The true turning point, however, came in 2016. He started a tiny little supper club with a friend who was not involved with the industry. And they lucked into a great deal with a hotel located in Union Square. “(The management was) basically like, hey, this restaurant is hunting. If you want to do a little concept here just to try to get some traction, you guys can have the place for free,” he recalls.

So, they moved in without any fanfare. They started handing out menus outside, like some tourist traps might do, to get business. Within a month of constant efforts, they got some momentum. A small write-up here, positive word-of-mouth there—eventually the supper club blew up.

The numerous pop-up-to-riches stories in San Francisco like Saison, Lazy Bear, Liholiho Yacht Club among others were certainly inspirations to Chef Hong. Though the path from the bottom where two people had to hustle to fill the popup, to being the owner of a one-star restaurant was arduous nonetheless. It took time, patience, motivation, and determination.
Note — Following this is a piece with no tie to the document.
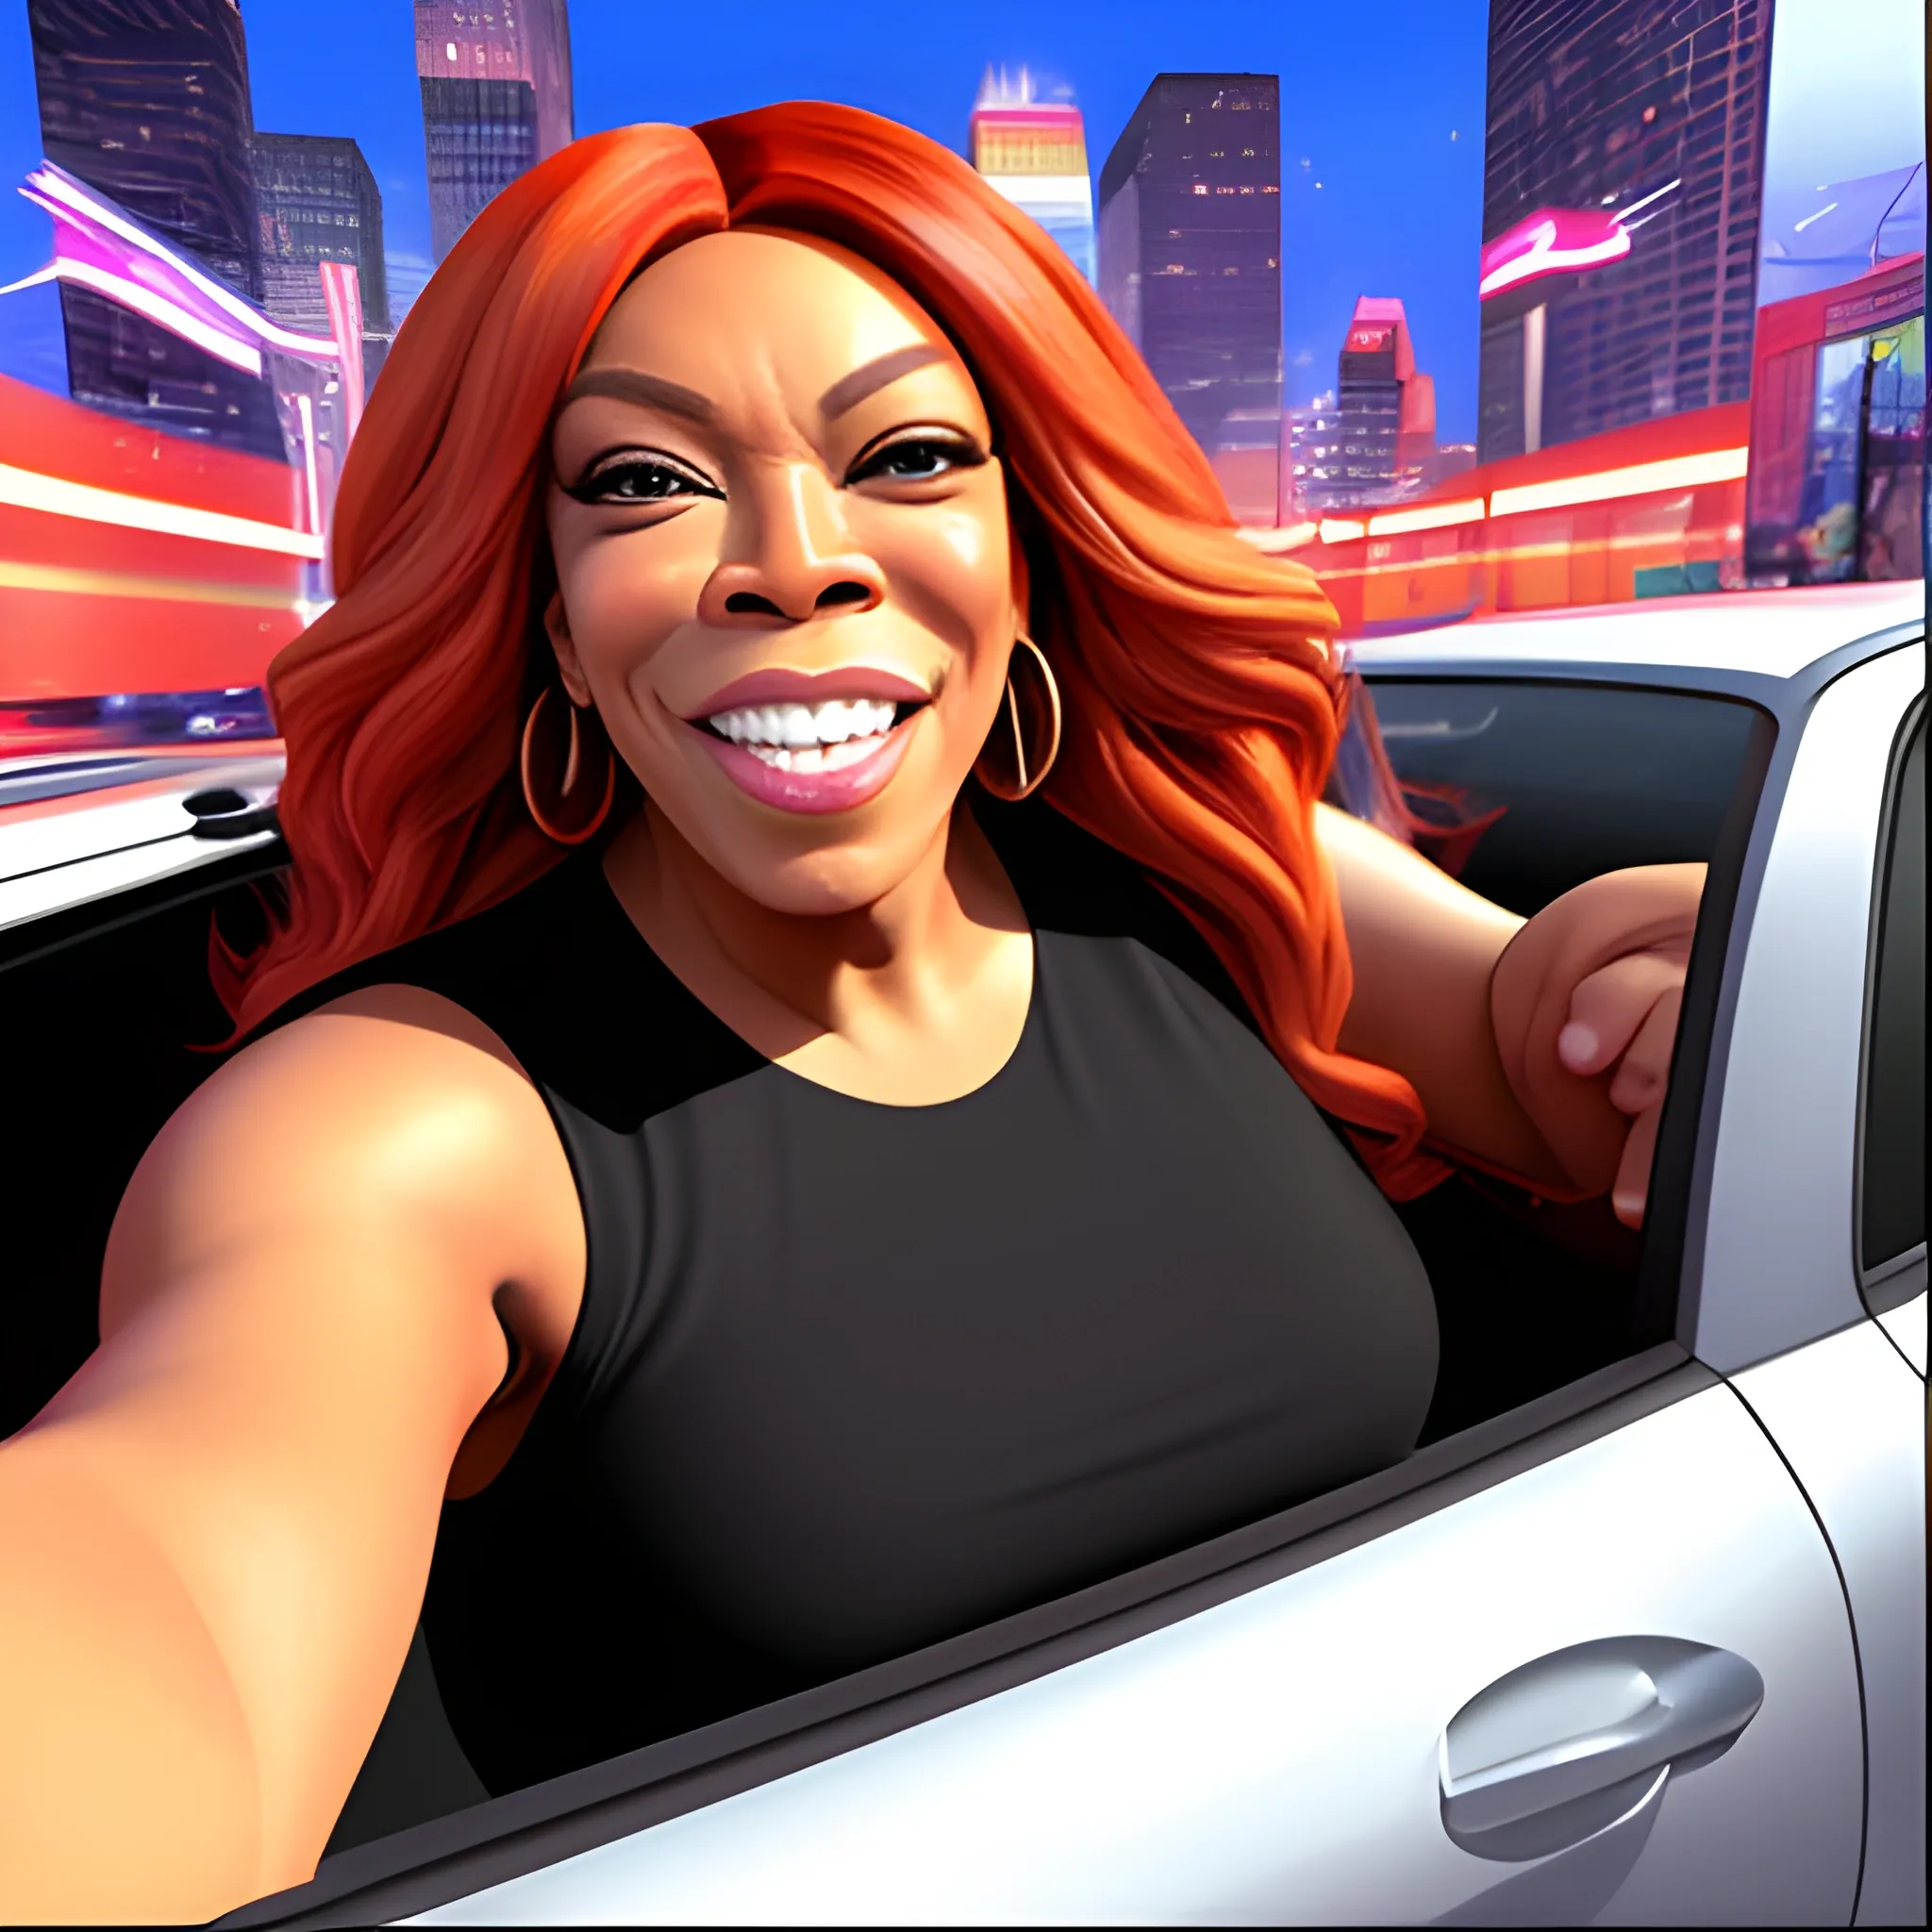 wendy williams taking a selfie as a car is about to run her over, 3D
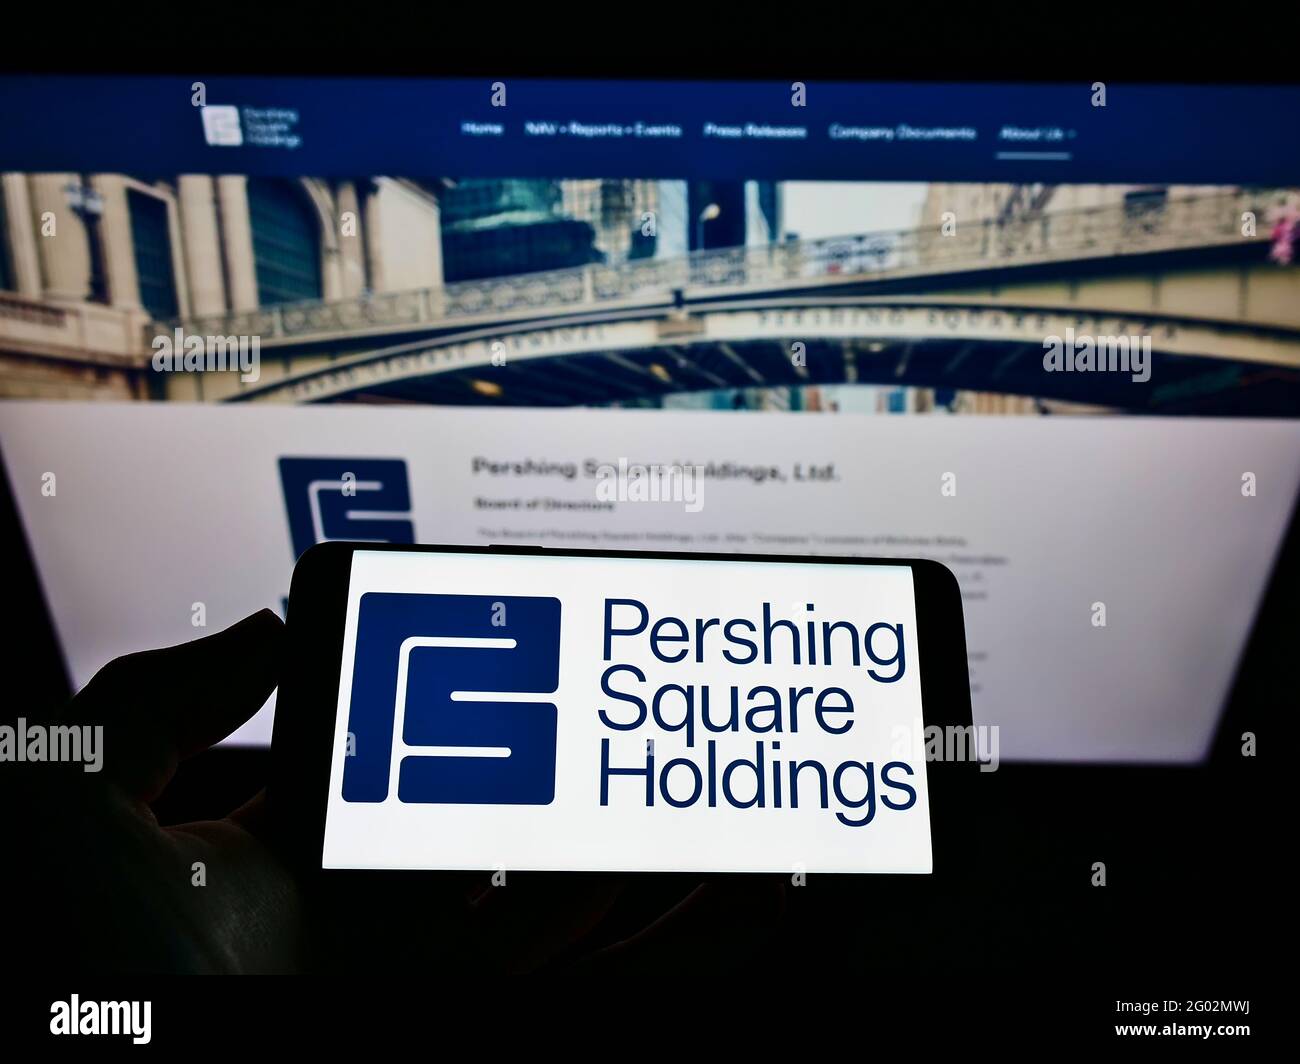 Person holding smartphone with logo of company Pershing Square Capital Management L.P. on screen in front of website. Focus on phone display. Stock Photo

He had to plan the restaurant, learn accounting, and do various things that were not related to kitchen work. He was even involved in renovating the front of the house. They put together a Pinterest mood board and got to work. “Tiling, painting, chopping wood... we were doing all this stuff ourselves just to try to cut costs,” he says.

Back in the kitchen, he took inspiration from the places that he worked at—from Jean George’s way of combining Asian influences and French techniques to putting handmade pastas together with Californian bounty at Quince—no stones were left unturned.

The menu at Sorrel completely changes every six weeks. The process begins three weeks prior when the team starts with a protein.